Exercise aim: Could the listing below be reproduced exactly, minus its pictures?

Data block:
▬▬▬▬▬▬▬▬▬▬
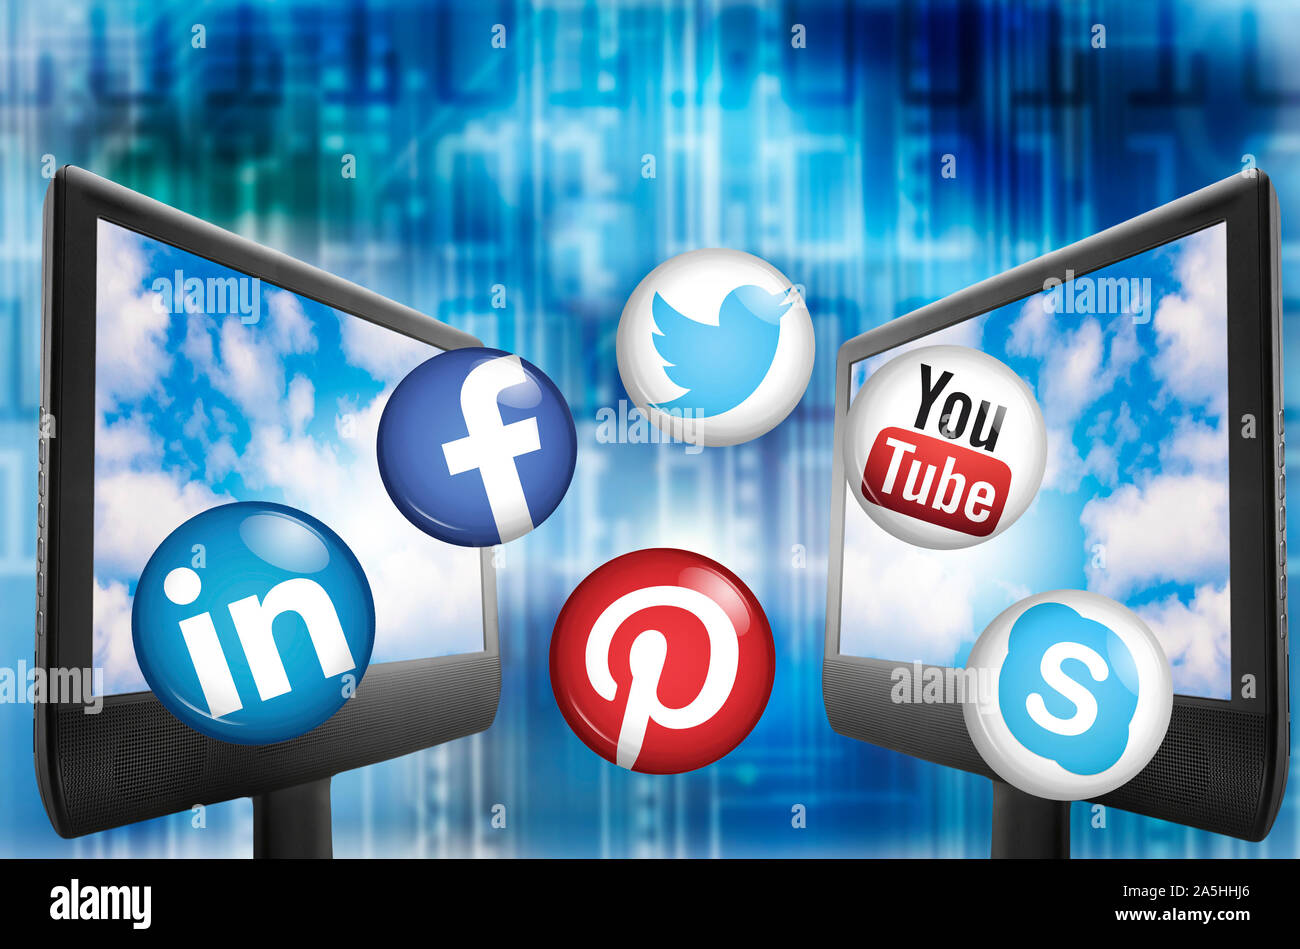 computer monitors and social media logos Stock Photo
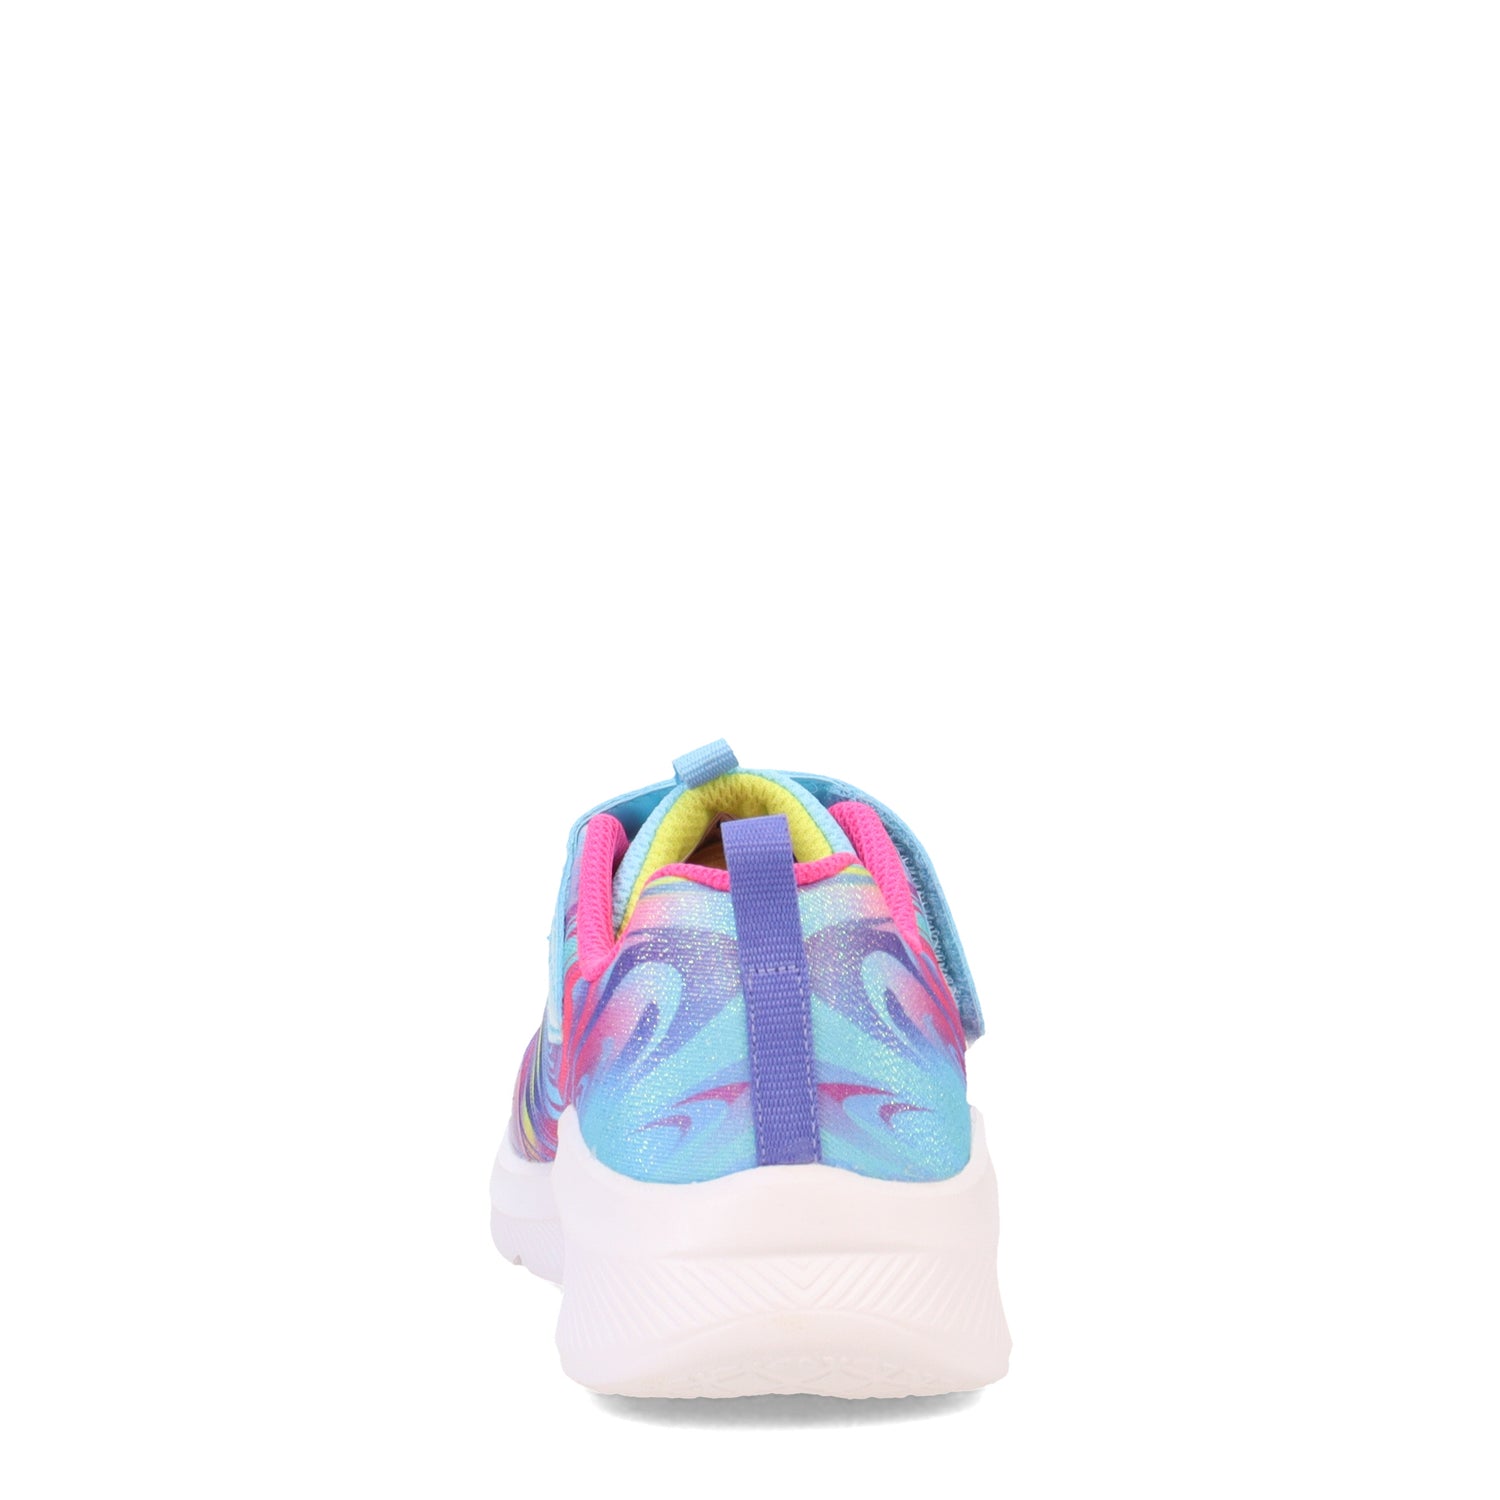 Peltz Shoes  Girl's Skechers Dreamy Lites - Swirly Sweets Sneaker - Little Kid BLUE 303512L-BLMT
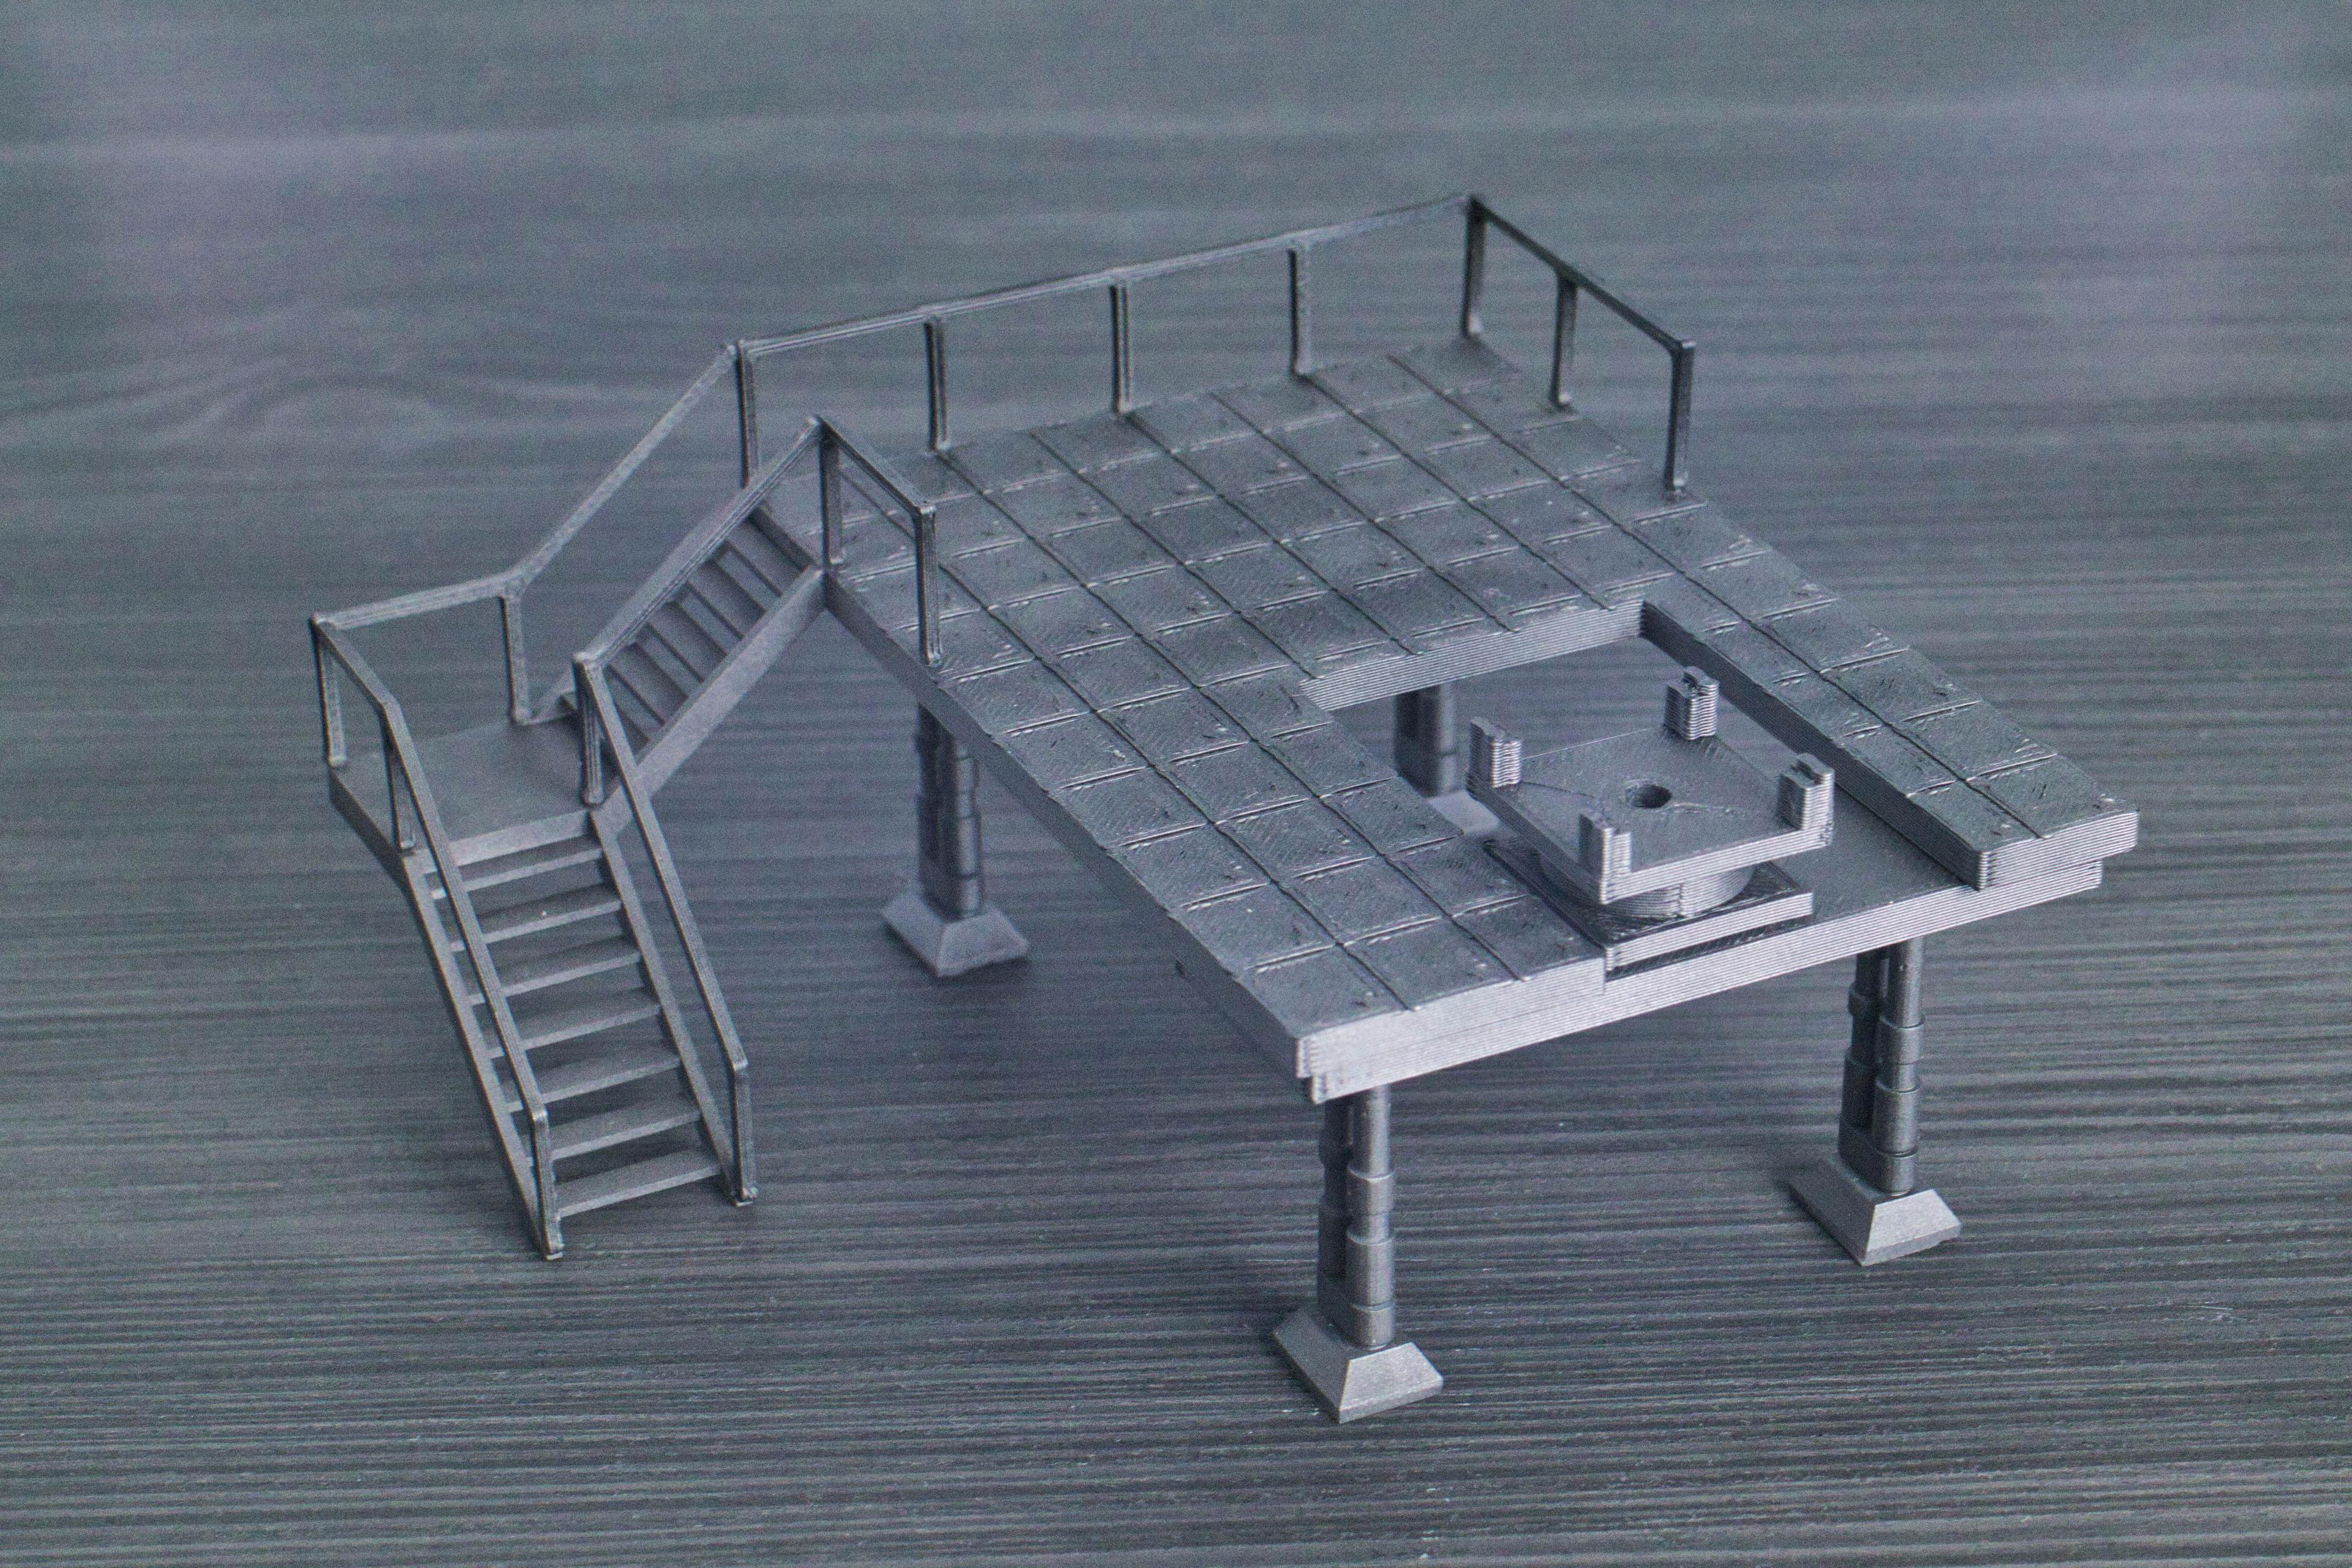 TIE Hangar Stand 3d model
▬▬▬▬▬▬▬▬▬▬
Exercise response:
 computer monitors and social media logos Stock Photo
 Peltz Shoes  Girl's Skechers Dreamy Lites - Swirly Sweets Sneaker - Little Kid BLUE 303512L-BLMT
 TIE Hangar Stand 3d model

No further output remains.